A recent paper by Cycle Action’s Max Robitzsch and Barbara Cuthbert also recommended matching up the cycle and rail routes. 


They estimated that three kilometres is a comfortable distance for people to ride without specialist clothes or exertion. Integrating the two by creating cycle paths to stations, bike racks and trains that carry bikes for free could open the train network to a much larger percentage of Aucklanders, as well as getting around the issue of arriving hot and sweaty at work.


ALL CHANGE PLEASE


Had one of those Falling Down moments recently while stuck in traffic? According to new research by the Business Council for Sustainable Development (BCSD), you’re not the only one – and a sizeable chunk of the disgruntled drivers out there are ready for change.

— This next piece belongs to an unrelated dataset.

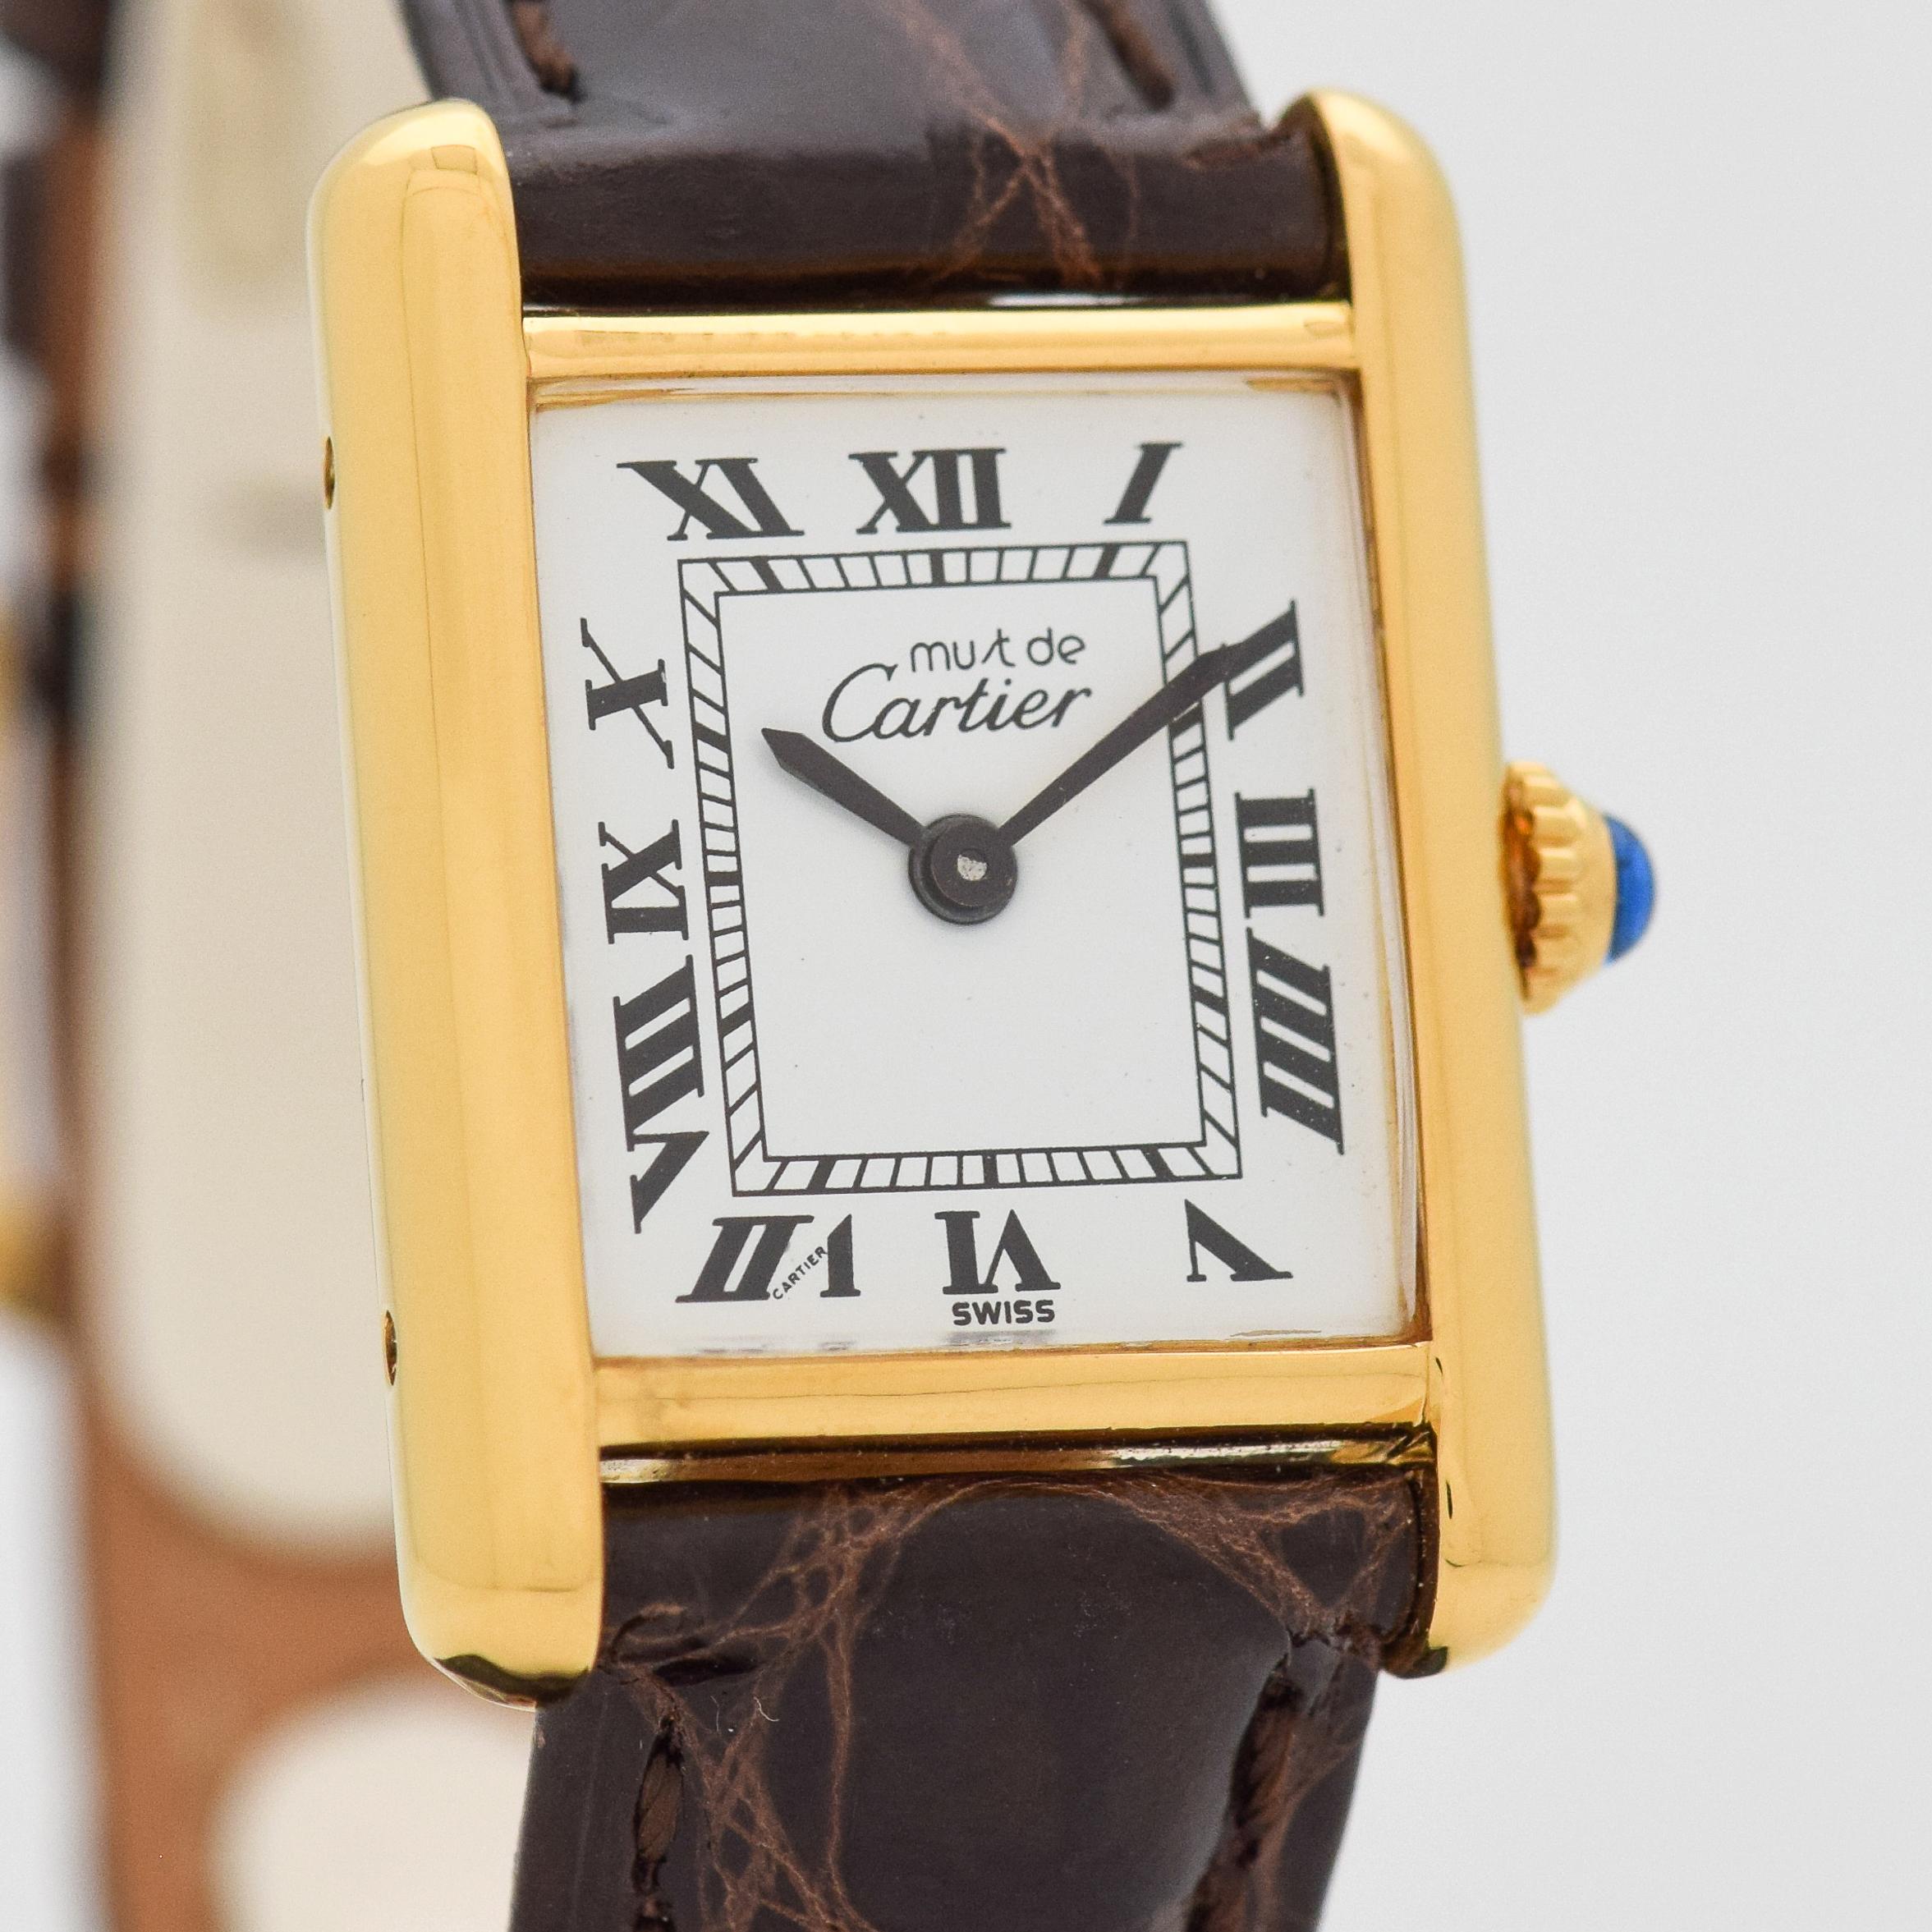 1980's era Cartier Tank Must de Ladies Sized watch. 18K Yellow Gold plated over Sterling Silver. 20mm wide. Powered by a 17-jewel, manual caliber ETA movement. Equipped with a Glossy, Dark Chocolate-colored Crocodile watch strap. Triple Signed.

The ShapeNZ survey was commissioned by the Business Council to gauge public reaction to sustainable, congestion-busting solutions such as introducing “fast fee” lanes, whereby fees are charged to use a fast lane at peak times, but drivers carrying three passengers or more can use it free (and alternative free lanes would still be available).


The survey was conducted in April and May this year and weighted by age, gender, income, ethnicity, region and party vote to provide a representative sample of the New Zealand population.

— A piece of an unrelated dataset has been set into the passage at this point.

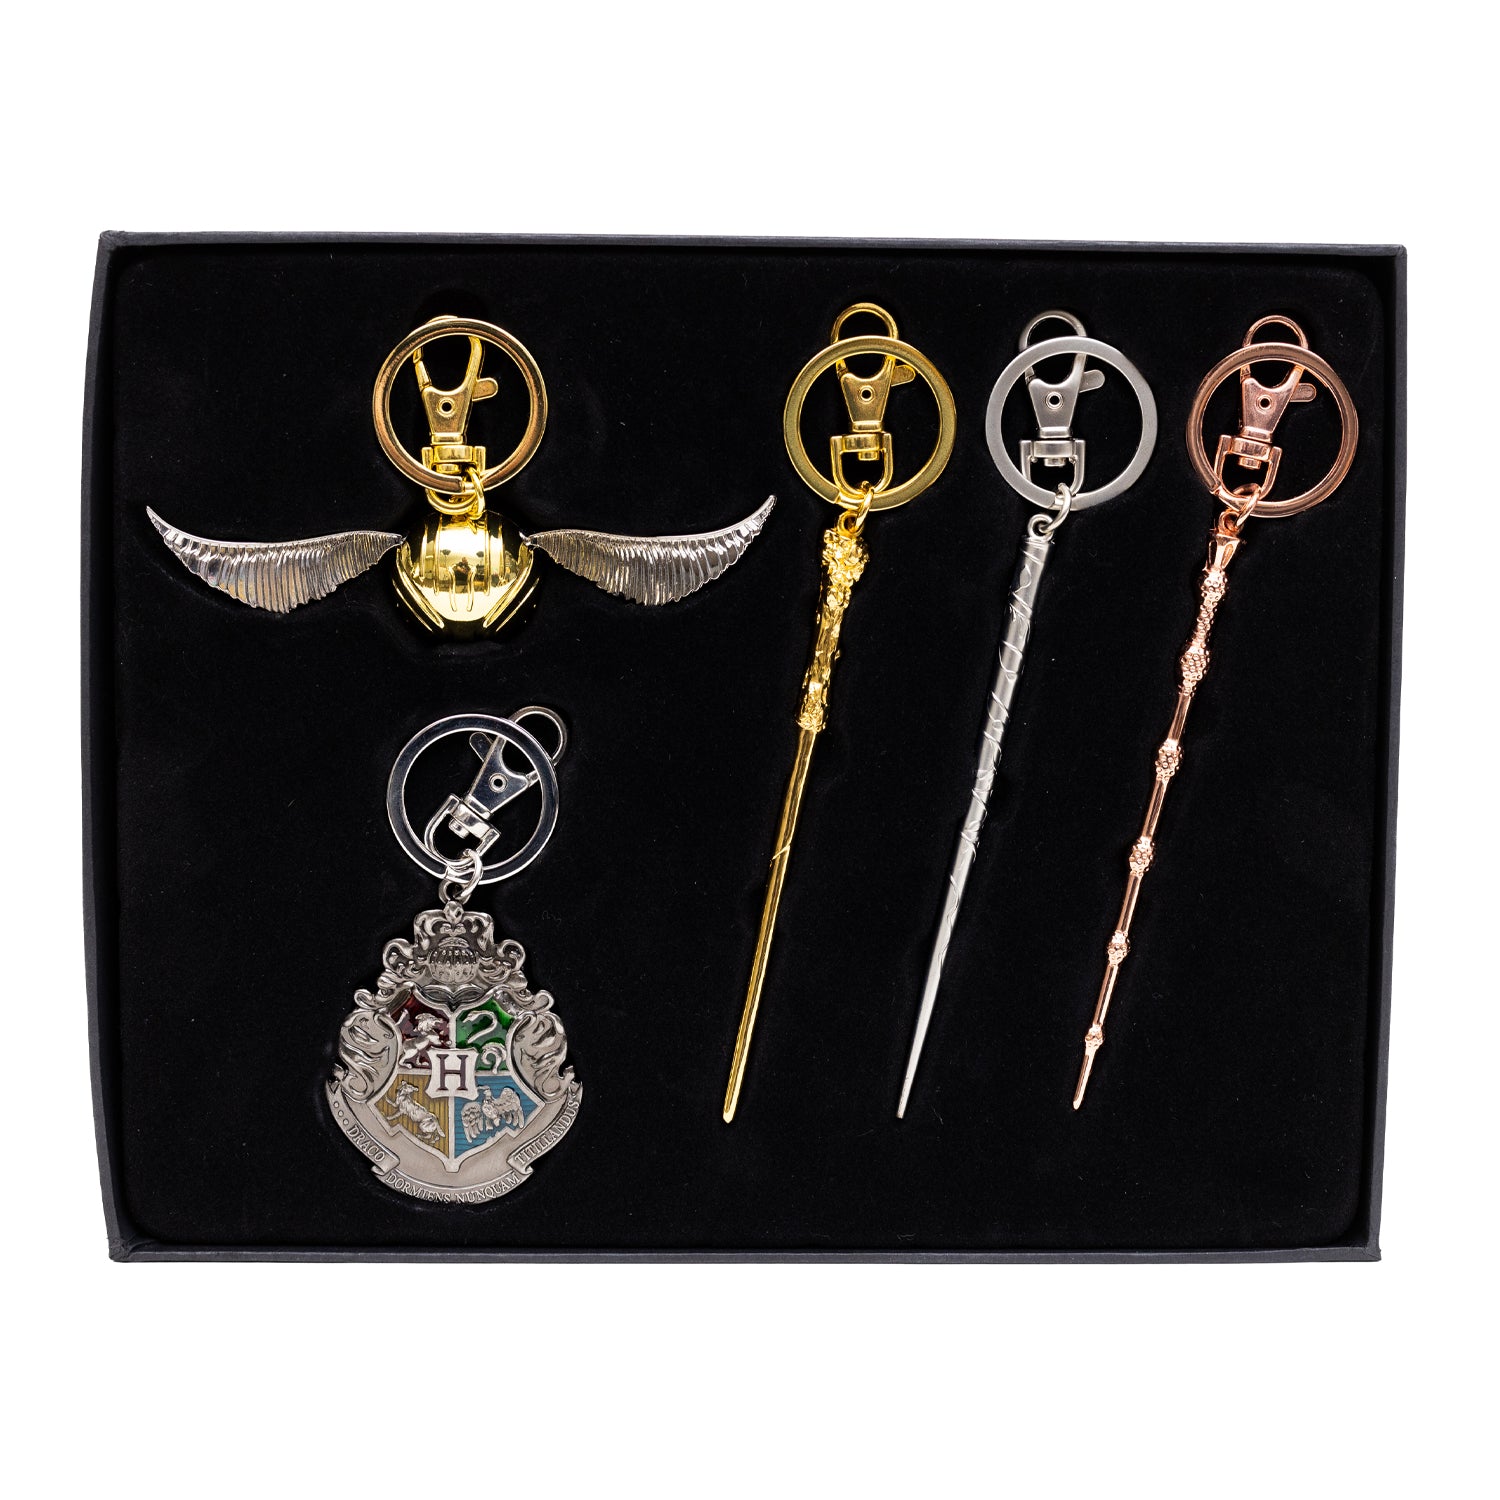 Harry Potter 2017 San Diego Comic Con Keychain Collector Set

Just over 11 percent of respondents said they’d pay to use the express lane, while the same number indicated they’d be happy to carpool. Nineteen percent said they’d switch to mostly using public transport. Already, that’s a hefty reduction in the volume of cars on the road – more than the ten percent less Paul Minett predicts would make a big difference.


The fast fee lanes are one of the “smart solutions” proposed to another serious challenge posed by the issue of increasing freight volumes on Auckland roads. According to the BCSD, we need to be looking at a much bigger picture. To keep the current rate of economic growth steady over the next three decades, the amount of freight needs to increase by around 75 per cent. 

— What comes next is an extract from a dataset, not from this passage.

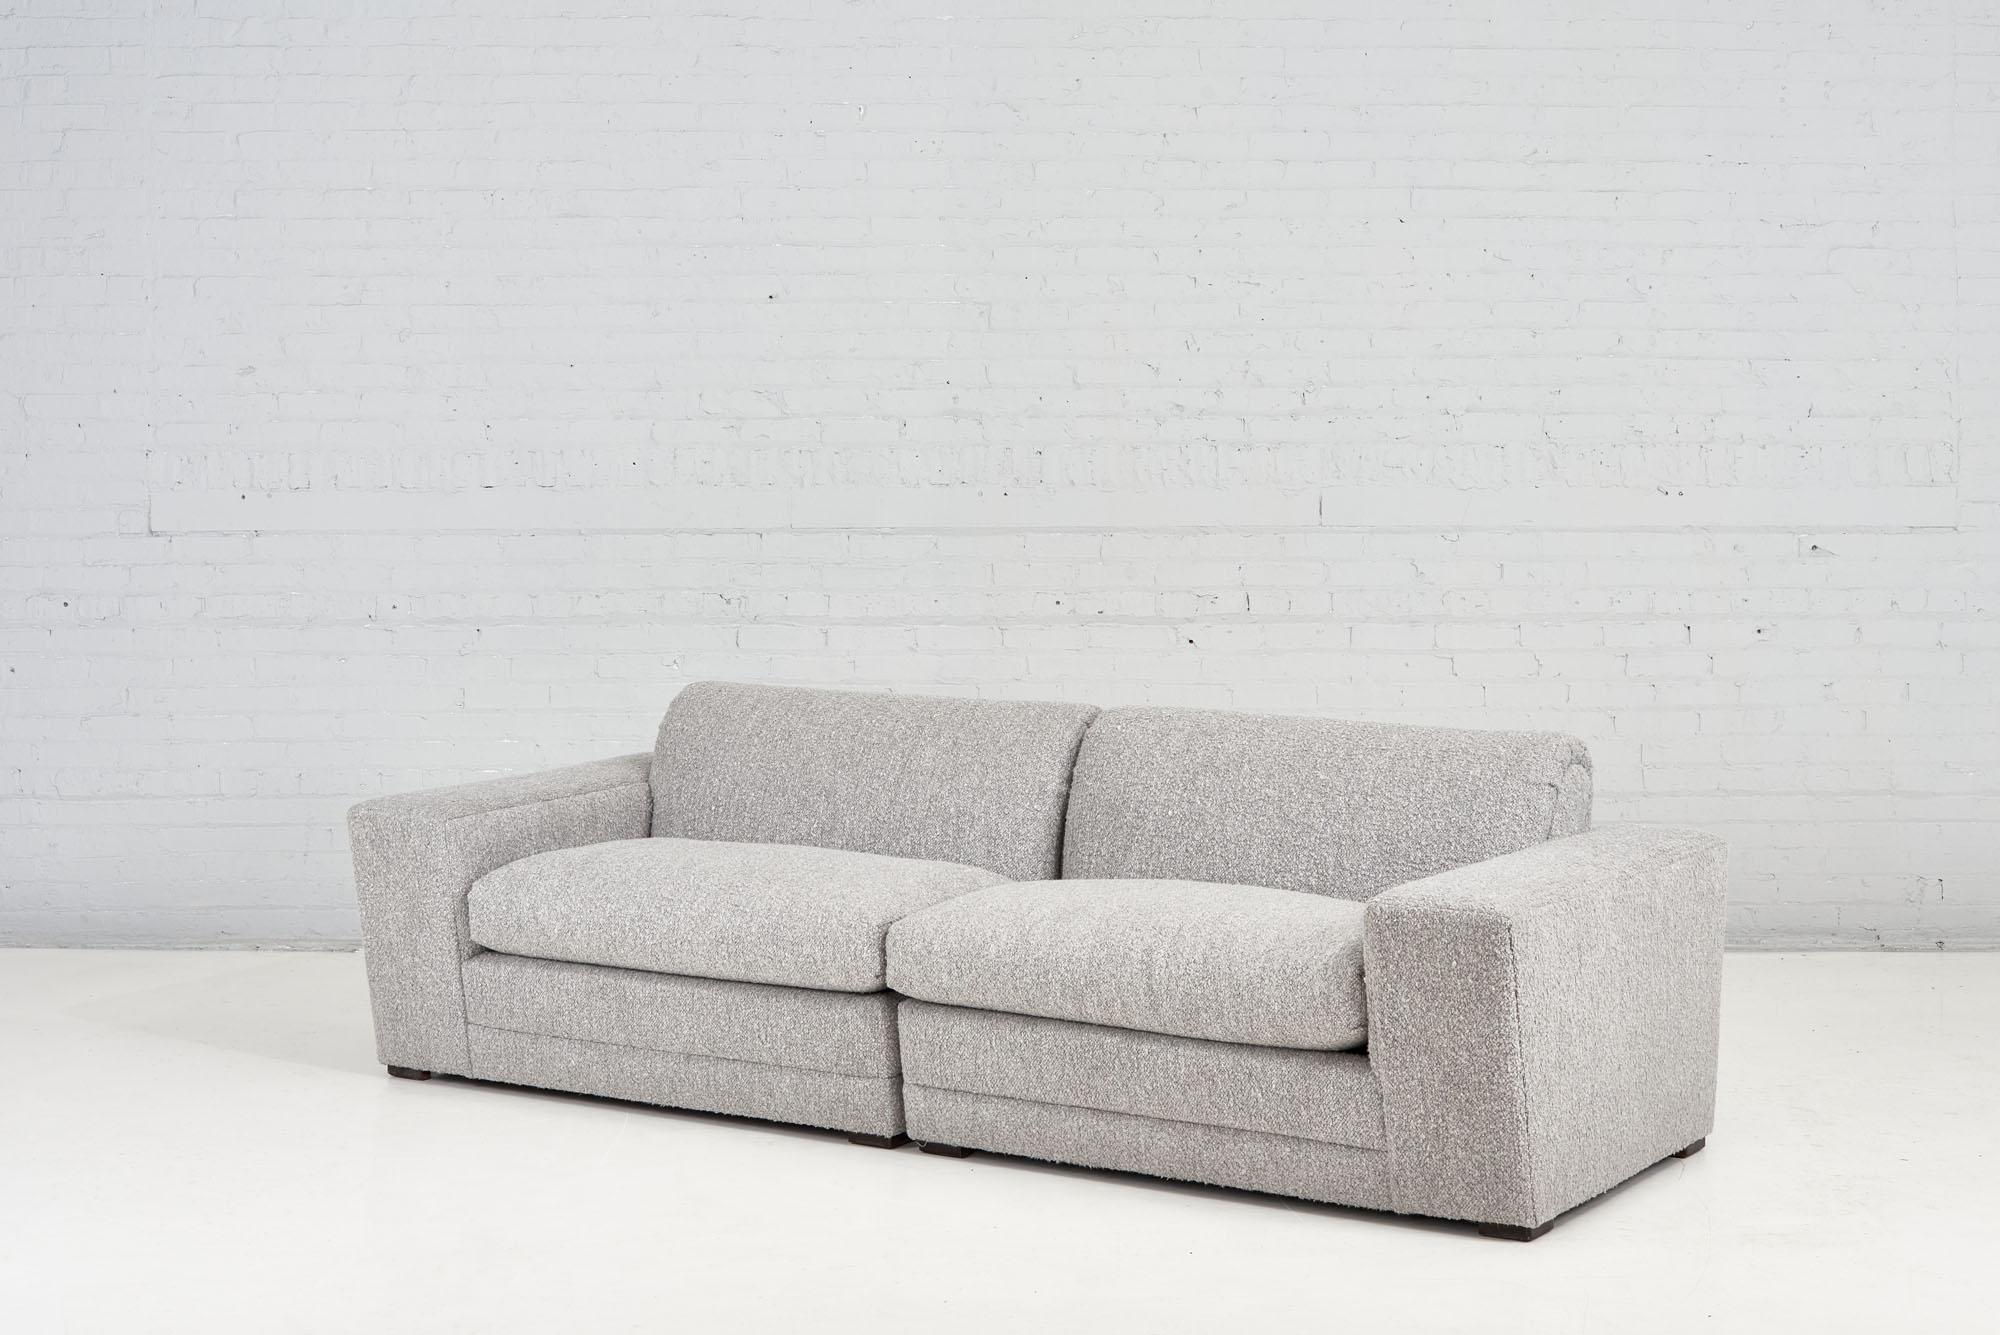 Paul Frankl Speed Sectional 2 piece sofa in Gray Boucle, 1932.

Oversized lorries on our roads are easy to find fault with, but the Freight Future report, released this April after two years in the making, reveals some humbling truths. The first is that New Zealand has the longest supply chain in the world. Our markets are all a long, long way away, most of them in a different hemisphere. A London or Hong Kong-based manufacturer can rely on hundreds of millions of customers within a 3000km radius – Auckland’s barely provide it with 25 million. To successfully sell our wares, we need to be super-efficient and cost-effective.


The report also predicts increasing demands from northern European buyers for sustainable supply chain performance will become a driver of freight infrastructure.


Aside from fast fee lanes, suggestions that have strong public support include spreading the peak by providing initiatives for more schools to operate “walking buses” to cut down on school runs (71 percent support); a faster broadband network to make working at home more realistic (70 percent), establishing freight hubs outside inner cities 
(76 percent) and a network of freight priority lanes between the golden triangle of Auckland, Hamilton and Tauranga that motorists can also use for a fee.

CONGESTION CHARGING

Touted recently by Mayor 
Len Brown as a possible solution to our traffic woes – has been successfully implemented in many cities around the world. Launched in February 2003, London’s scheme is one of the largest globally. A low emission zone was also implemented in February 2008 to identify high-polluting commercial fleet vehicles.

Siemens, which works with Transport for London to develop the traffic monitoring equipment, reports that over five years this has resulted in 21 per cent less four-wheeled traffic in the inner-city charging zone – and cut air pollution by 30 per cent. All net revenue (£148 million in 2009-10) is channelled into further improving transport in the English capital.



IBM designed a similar road-charge system for Stockholm with laser, camera and systems technology that automatically identifies and charges varying rates depending on the time of day. After its trial, the tech company reports traffic was down 25 percent overall, and public transport schedules were revamped to deal with lower congestion. Inner-city retailers experienced a six per cent jump in business. 
The scheme was formally adopted in 2007.